Outro fator que contribui para o abandono do tratamento, segundo a análise, é o impacto da infecção na situação econômica dos doentes. Segundo a Organização Mundial da Saúde (OMS), quase metade das famílias afetadas pela tuberculose enfrenta custos “catastróficos”, chegando a comprometer cerca de 20% da renda anual com despesas como transporte, alimentação, exames e afastamento do trabalho.
No território local, casos de maior vulnerabilidade contam com o auxílio da Casa de Cuidados do Ceará (CCC), localizada em Fortaleza, que dispõe de 20 leitos para pacientes em alta hospitalar que necessitam de acompanhamento multiprofissional.
IMPORTÂNCIA DE TESTAR PESSOAS PRÓXIMAS
Para interromper a cadeia de transmissão da infecção, a médica ainda destaca a importância de testar as pessoas próximas aos pacientes. No entanto, assim como o índice de cura, a taxa média de 72% de avaliação de contatos próximos está abaixo da meta, de 85%.
O documento da Sesa afirma que o monitoramento é uma das estratégias mais efetivas para descobrir a doença em fase inicial e possibilitar a identificação precoce da Infecção Latente da Tuberculose (ILTB) — forma adormecida da doença —, reduzindo o risco de progressão para a versão ativa.
POPULAÇÃO PRIVADA DE LIBERDADE É A MAIS VULNERÁVEL
Segundo o boletim, os cerca de 41,5 mil casos diagnosticados entre 2015 e 2025 no Ceará se concentraram em pessoas privadas de liberdade, incidência refletida na prevalência de casos em Itaitinga nos últimos dois anos. O município da Região Metropolitana de Fortaleza (RMF) abriga as principais unidades prisionais do Estado.

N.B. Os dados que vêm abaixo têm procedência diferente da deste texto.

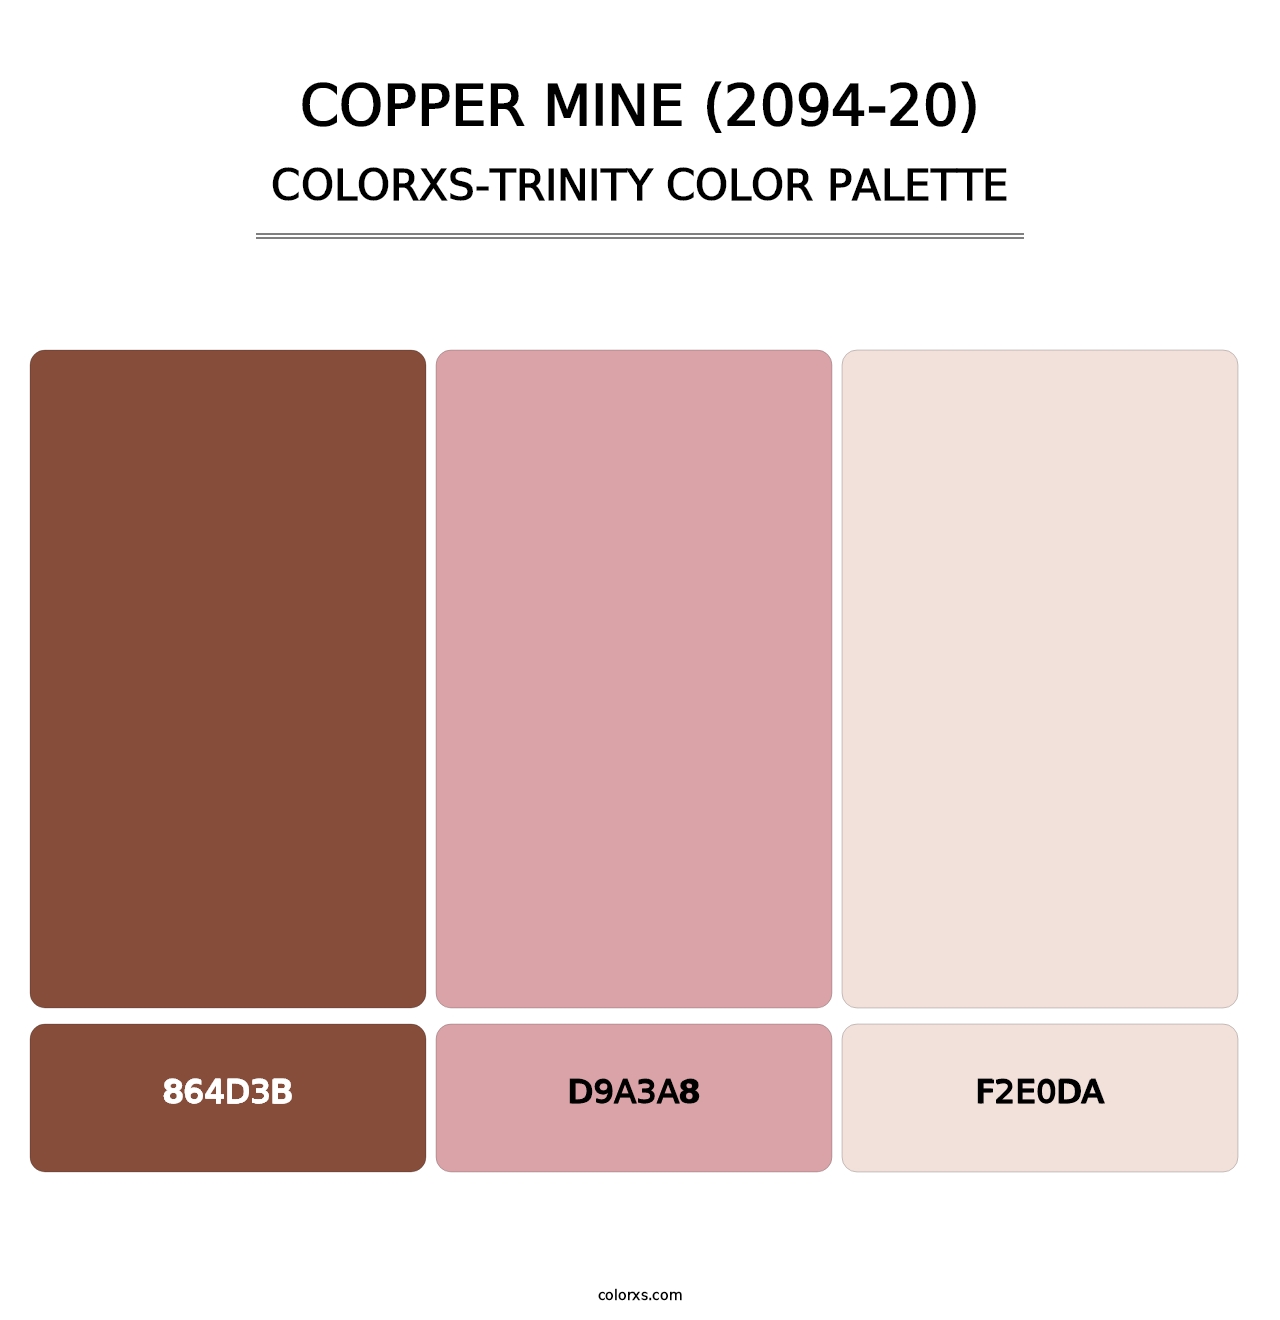 Copper Mine (2094-20) - Colorxs Trinity Palette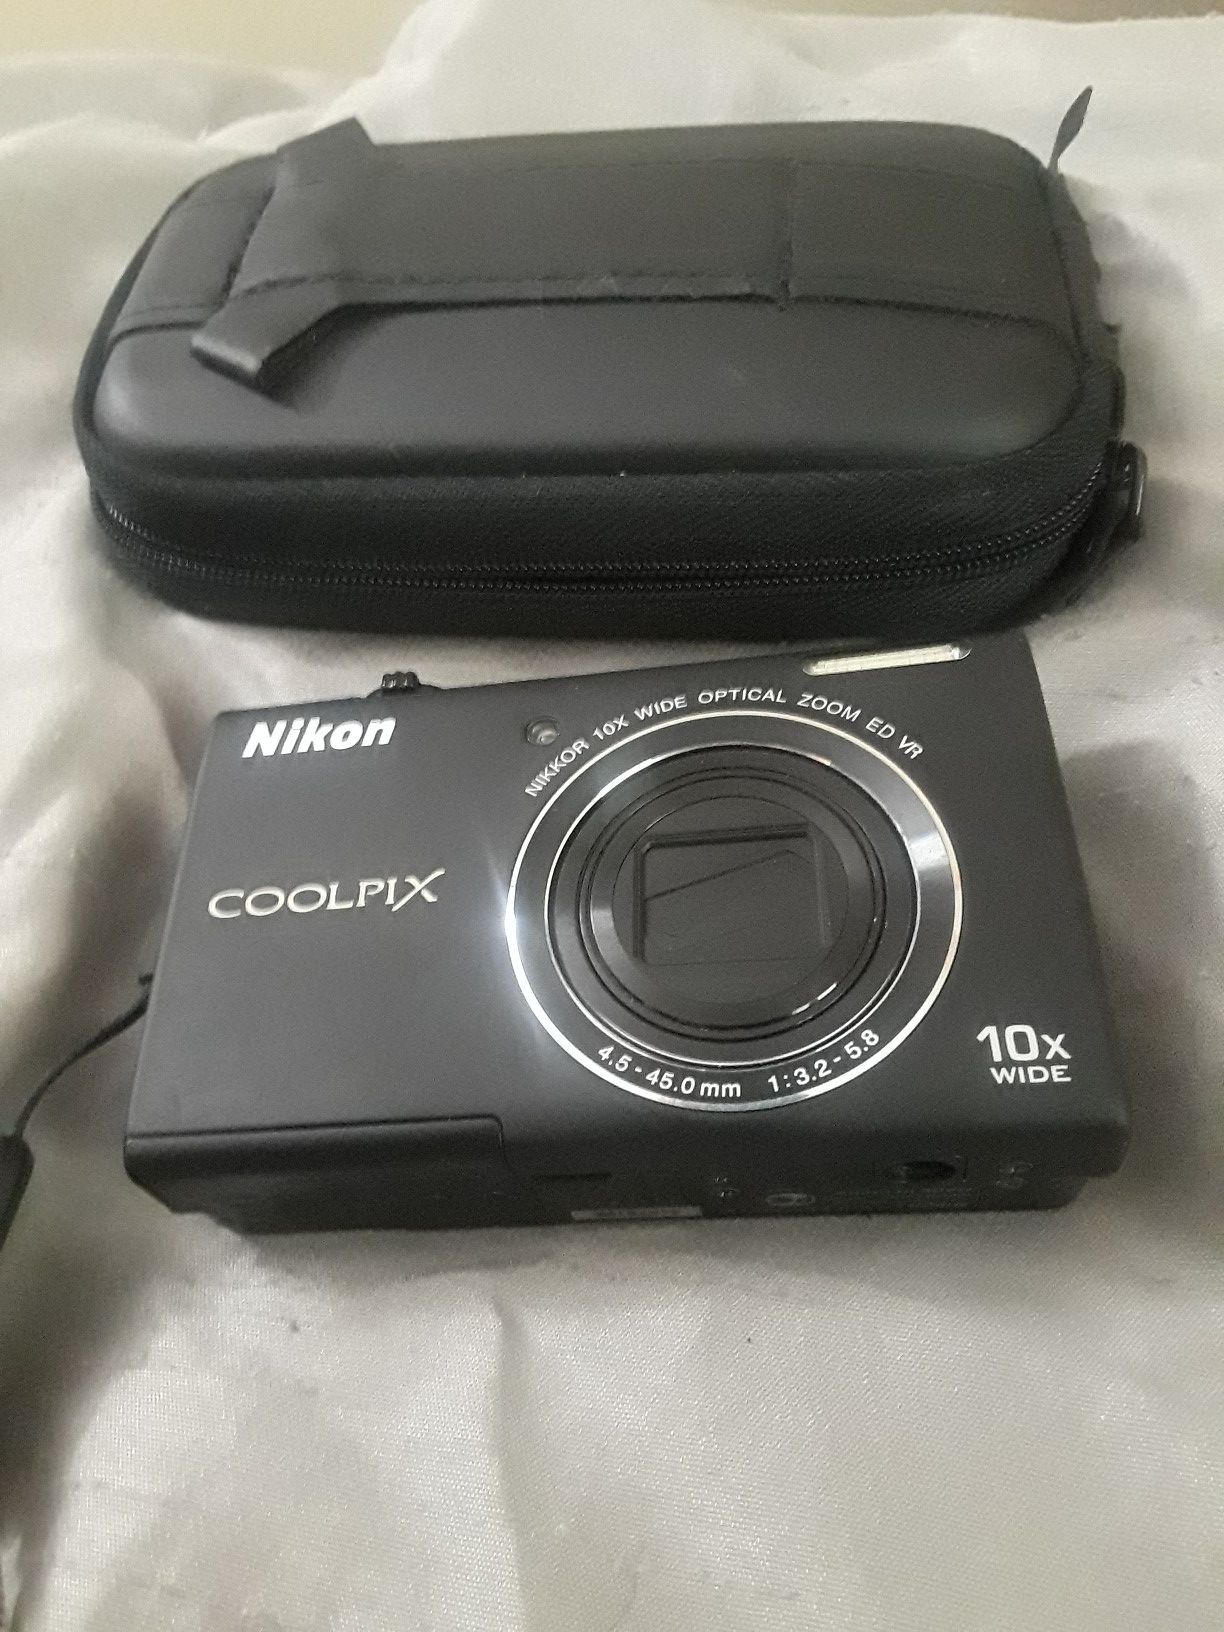 Nikon coolpix s6200 digital camera

Esse cenário espelha e reforça o perfil epidemiológico cearense da tuberculose, que atinge majoritariamente homens jovens (20 a 39 anos) pardos. O recorte coincide com o Censo Penitenciário do Ceará de 2023 — elaborado pela Secretaria da Administração Penitenciária e Ressocialização (SAP) em parceria com pesquisadores da Universidade Federal do Ceará (UFC) —, que aponta que o sistema prisional é composto, em sua maioria, por homens de 22 a 25 anos de cor parda.
O estudo demográfico ainda observou que, em cada cela do Estado, são mantidos, em média, entre 12 e 16 presos. Liliane Granjeiro explica que o grande número de detentos por cômodo sustentaria a cadeia de transmissão da infecção nas unidades.
“Os ambientes nesses locais são totalmente insalubres. Pacientes já relataram que dividiram a cela com colegas que estavam sintomáticos e, logo depois, foram diagnosticados com tuberculose. Numa cela, essas pessoas ficam muito mais próximas e acaba que a transmissão ocorre de forma muito mais rápida”, destaca a infectologista.
Diante do gargalo, a Sesa afirma que atua de forma integrada com a administração penitenciária, realizando triagem na entrada, testagem periódica e início imediato do tratamento. Em casos de transferência ou liberdade, a autoridade sanitária garante que o paciente é encaminhado para a rede municipal de saúde para assegurar a continuidade do cuidado.